Quora Question Pair Similarity Problem

1. Business Problem

1.1 Description

Quora is a place to gain and share knowledge — about anything. It’s a platform to ask questions and connect with people who contribute unique insights and quality answers. This empowers people to learn from each other and to better understand the world. Over 100 million people visit Quora every month, so it’s no surprise that many people ask similarly worded questions. Multiple questions with the same intent can cause seekers to spend more time finding the best answer to their question, and make writers feel they need to answer multiple versions of the same question.

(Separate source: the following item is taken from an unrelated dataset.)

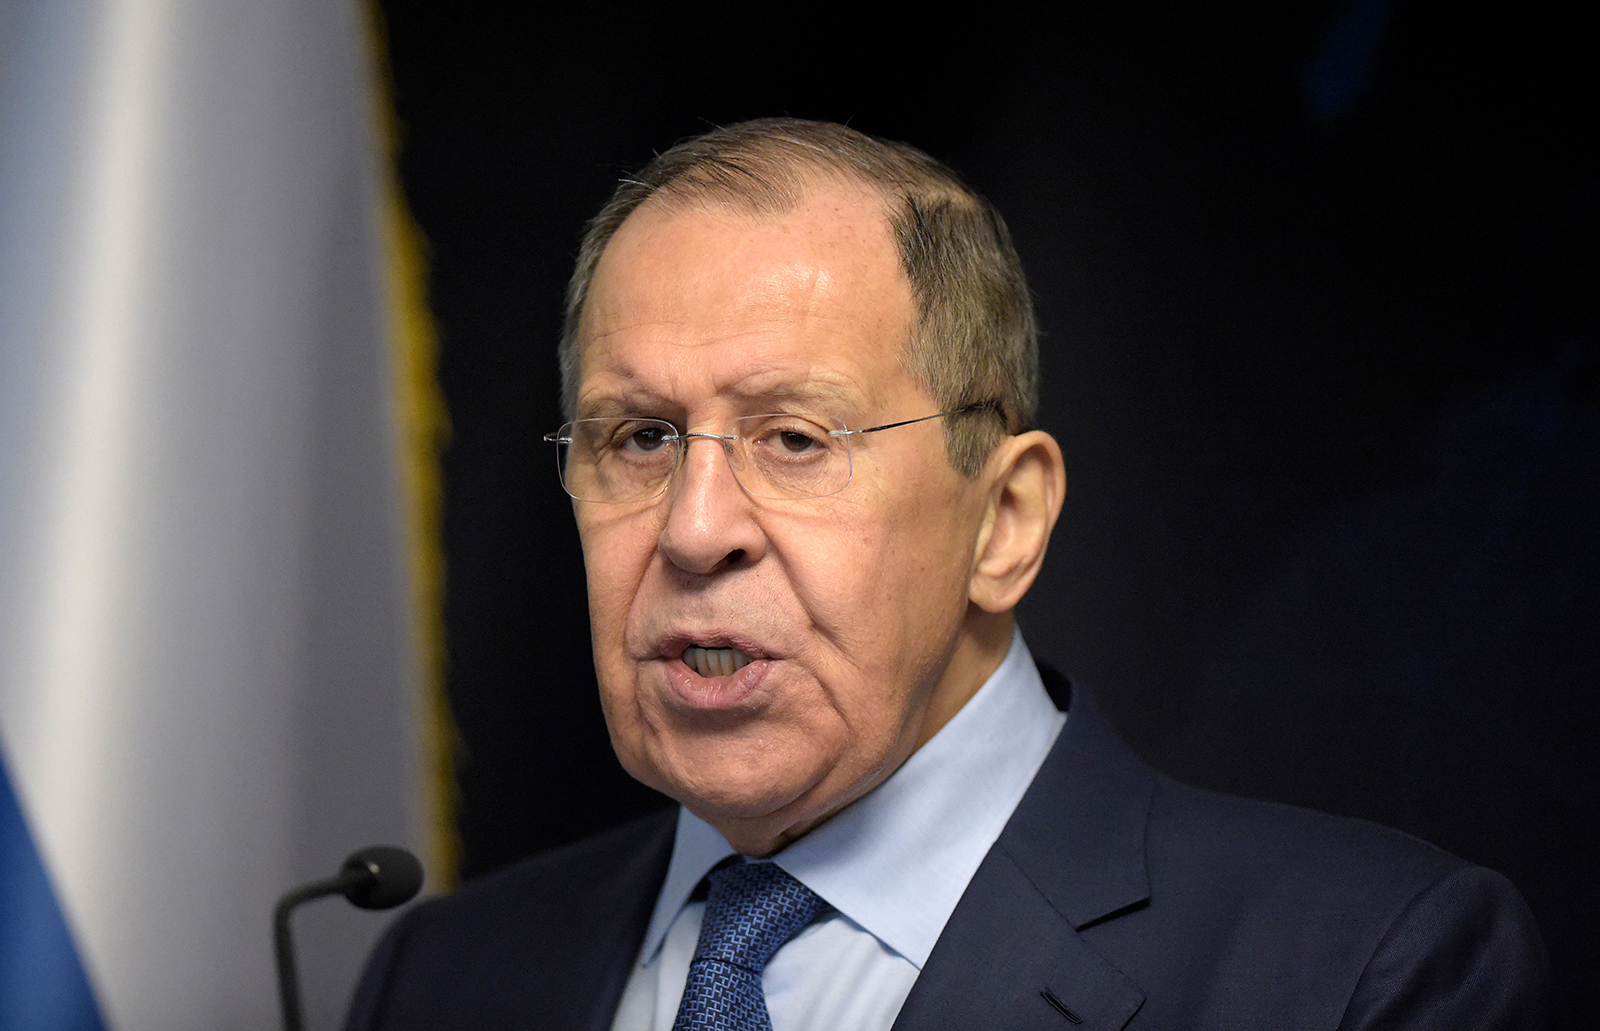 Russia's Foreign Minister Sergei Lavrov speaks during a joint news conference with Bahrain's Foreign Minister at the Bahraini Ministry of Foreign Affairs' headquarters in the capital Manama on May 31.

Quora values canonical questions because they provide a better experience to active seekers and writers, and offer more value to both of these groups in the long term.

Problem Statement

• Identify which questions asked on Quora are duplicates of questions that have already been asked.
• This could be useful to instantly provide answers to questions that have already been answered.
• We are tasked with predicting whether a pair of questions are duplicates or not.

1.2 Sources/Useful Links

- Source : https://www.kaggle.com/c/quora-question-pairs

1.3 Real world/Business Objectives and Constraints

1. The cost of a mis-classification can be very high because say if there are 2 questions which are actually not duplicates but if we declare them to be duplicates then all the answers which are there for question 1 will be referred to as answers to question 2 which is extremely dangerous or costly.
2. You would want a probability of a pair of questions to be duplicates so that you can choose any threshold of choice.
3. No strict latency concerns.
4. Interpretability is partially important.

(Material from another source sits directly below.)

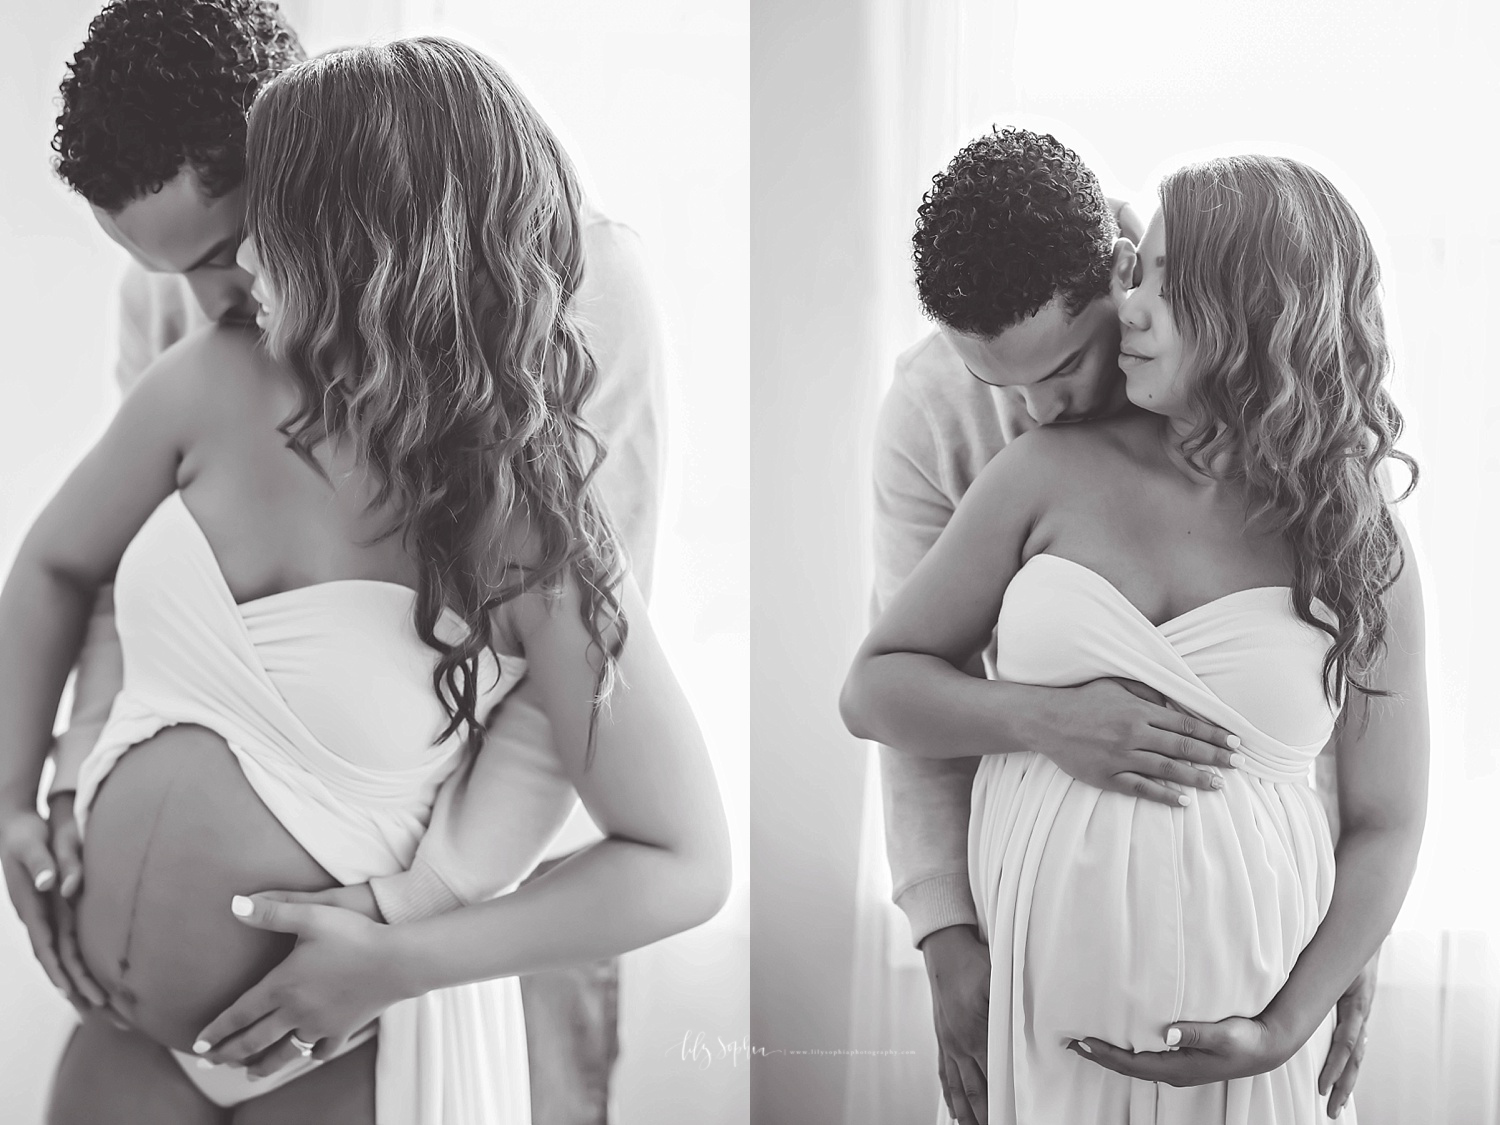  Side by side, black and white images of a African American pregnant woman and her husband. In the first image, she is wearing a split front dress and they are holding her belly. &nbsp;In the second image her husband is kissing her should while she h

2. Machine Learning Problem

2.1 Data

2.1.1 Data Overview

- Data will be in a file Train.csv

- Train.csv contains 5 columns : qid1, qid2, question1, question2, is_duplicate

- Size of Train.csv — 60MB

• Number of rows in Train.csv = 404,290

2.1.2 Example Data point

“id”,”qid1",”qid2",”question1",”question2",”is_duplicate”

“0”,”1",”2",”What is the step by step guide to invest in share market in india?”,”What is the step by step guide to invest in share market?”,”0"

“1”,”3",”4",”What is the story of Kohinoor (Koh-i-Noor) Diamond?”,”What would happen if the Indian government stole the Kohinoor (Koh-i-Noor) diamond back?”,”0"

“7”,”15",”16",”How can I be a good geologist?”,”What should I do to be a great geologist?”,”1"

“11”,”23",”24",”How do I read and find my YouTube comments?”,”How can I see all my Youtube comments?”,”1"

2.2 Mapping the real world problem to an ML problem

2.2.1 Type of Machine Leaning Problem

It is a binary classification problem, for a given pair of questions we need to predict if they are duplicate or not.

2.2.2 Performance Metric

Source: https://www.kaggle.com/c/quora-question-pairs#evaluation

Metric(s):

* log-loss : https://www.kaggle.com/wiki/LogarithmicLoss

* Binary Confusion Matrix

2.3 Train and Test Construction

We build train and test by randomly splitting in the ratio of 70:30 or 80:20 whatever we choose as we have sufficient points to work with. A better way of splitting the data would have been time based splitting as the types of questions change over time.But we have not been the given time stamps.

Exploratory Data Analysis

In this section we will do the analyse the data to get sense of what`s happening in our data.

Each of the features has 404290 non-null values except ‘question1’ and ‘question2’ which have 1 and 2 null objects respectively. We will process these rows a differently. So this is the high level view of the data.

What is the distribution of final class labels?

The number of duplicates (similar or 1) questions is 149263 and the number of non-duplicate (non-similar or 0) questions is 255027 which constitute 36.92% and 63.08% of the data respectively. Only about 37% of the question pairs are similar!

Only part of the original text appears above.